If you are using the REST API through the web shell, you can use the Spark History REST API address identified above and use it as follows: The following is an example of a dataforest-test user.
$ curl -i -u ys https://dataforest-test--sparkhs-new--shs--18080.proxy.kr.df.naverncp.com/api/v1/version
Enter host password for user 'dataforest-test':
HTTP/1.1 200 OK
Server: nginx/1.14.0
Date: Fri, 14 Oct 2022 08:14:24 GMT
Content-Type: application/json
Content-Length: 25
Connection: keep-alive
Set-Cookie: hadoop.auth="u=dataforest-test&p=dataforest-test&t=authnz-ldap&e=1665771263843&s=v37ewQQe7TSTjntpg5rqUfZsRrRuCvfQux0P2onFy7I="; HttpOnly
Cache-Control: no-cache, no-store, must-revalidate
X-Frame-Options: SAMEORIGIN
X-XSS-Protection: 1; mode=block
X-Content-Type-Options: nosniff
Vary: Accept-Encoding, User-Agent
{
"spark" : "3.1.2-1"
}
Set Spark jobs
To use the personal Spark History Server, enter the following in Spark to complete the job settings.
- spark.eventLog.enabledspark.eventLog.enabled:
true
- spark.eventLog.dir: It is equivalent to the spark.history.fs.logDirectory setting in the Spark History Server app.
hdfs://koya/user/{USER}/spark2-history/
is set as the default value. Insert your account name in{USER}
. - spark.yarn.historyServer.address: It's the history server's address. After creating the app, enter the URL of the Spark History UI in Quick links.
<example> An example of dataforest-test user is as follows:
Property Name | Info |
---|---|
spark.eventLog.enabled | true |
spark.eventLog.dir | hdfs://koya/user/dataforest-test/spark2-history/ |
spark.yarn.historyServer.address | https://dataforest-test--spark-historyserver--shs--18080.proxy.kr.df.naverncp.com |
If you submit a job after changing the settings, you can view the submitted job information on your personal Spark History Server.

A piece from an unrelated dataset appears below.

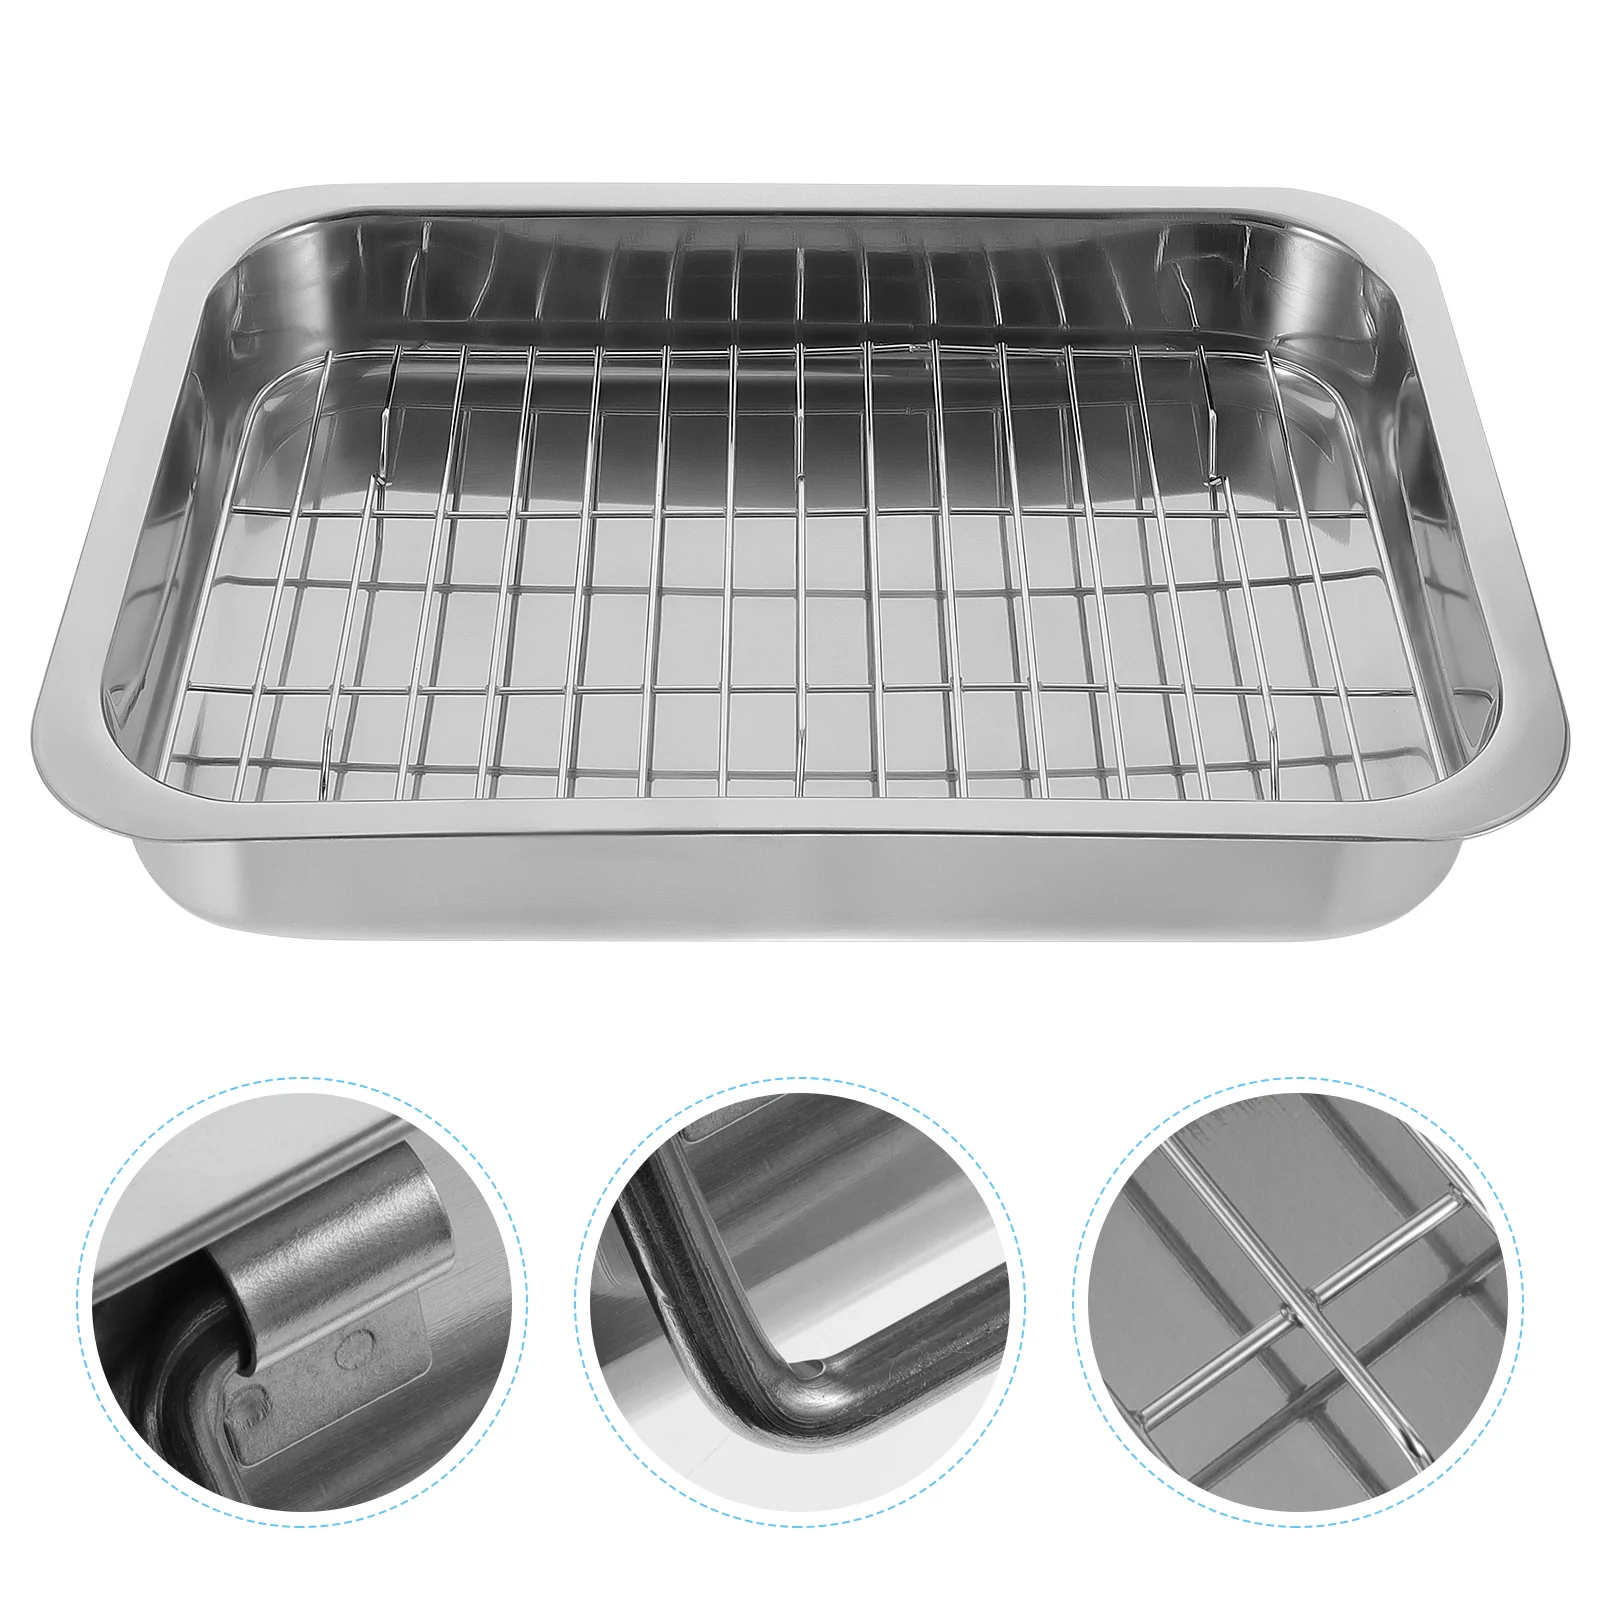 https://ae01.alicdn.com/kf/Sb88a691d66ea46f4bcf798ca2c18c05bD/Baking-Pan-Rack-Tray-Sheet-Roasting-Steel-Oven-Cookie-Stainless-Cooling-Set-Toaster-Pans-Sheets-Cake.jpg

Changing the personal Spark settings
Below is how to add settings for your personal Spark job:
$ vi $SPARK_CONF_DIR/spark-defaults.conf
...
spark.eventLog.dir hdfs://koya/user/dataforest-test/spark2-history/
spark.eventLog.enabled true
spark.yarn.historyServer.address={Spark History UI}
...
If you are using a web shell, please use it by editing the previously transferred settings file below.
$ cd ~/conf
$ vi spark-defaults.conf # Configuration change
Execute Pyspark, spark-shell
Here's how to run Pyspark and spark-shell.
- When executing PySpark, add the following options to run.
$ pyspark --conf spark.driver.extraJavaOptions=-Dhdp.version=3.1.0.0-78 \
--conf spark.yarn.am.extraJavaOptions=-Dhdp.version=3.1.0.0-78 \
--conf spark.yarn.appMasterEnv.YARN_CONTAINER_RUNTIME_DOCKER_MOUNTS=/usr/hdp:/usr/hdp:ro \
--conf spark.executorEnv.YARN_CONTAINER_RUNTIME_DOCKER_MOUNTS=/usr/hdp:/usr/hdp:ro
- Use the command below to execute spark-shell as well.
spark-shell --conf spark.driver.extraJavaOptions=-Dhdp.version=3.1.0.0-78 \
--conf spark.yarn.am.extraJavaOptions=-Dhdp.version=3.1.0.0-78 \
--conf spark.yarn.appMasterEnv.YARN_CONTAINER_RUNTIME_DOCKER_MOUNTS=/usr/hdp:/usr/hdp:ro \
--conf spark.executorEnv.YARN_CONTAINER_RUNTIME_DOCKER_MOUNTS=/usr/hdp:/usr/hdp:ro
--conf spark.kerberos.access.hadoopFileSystems=hdfs://<Specify the name node to be used>
When using Zeppelin
You can use the personal Spark History Server app in Apache Zeppelin's Spark interpreter. Refer to the configuration method of spark.yarn.queue in Using Zeppelin > Interpreter settings to add settings related to the history server.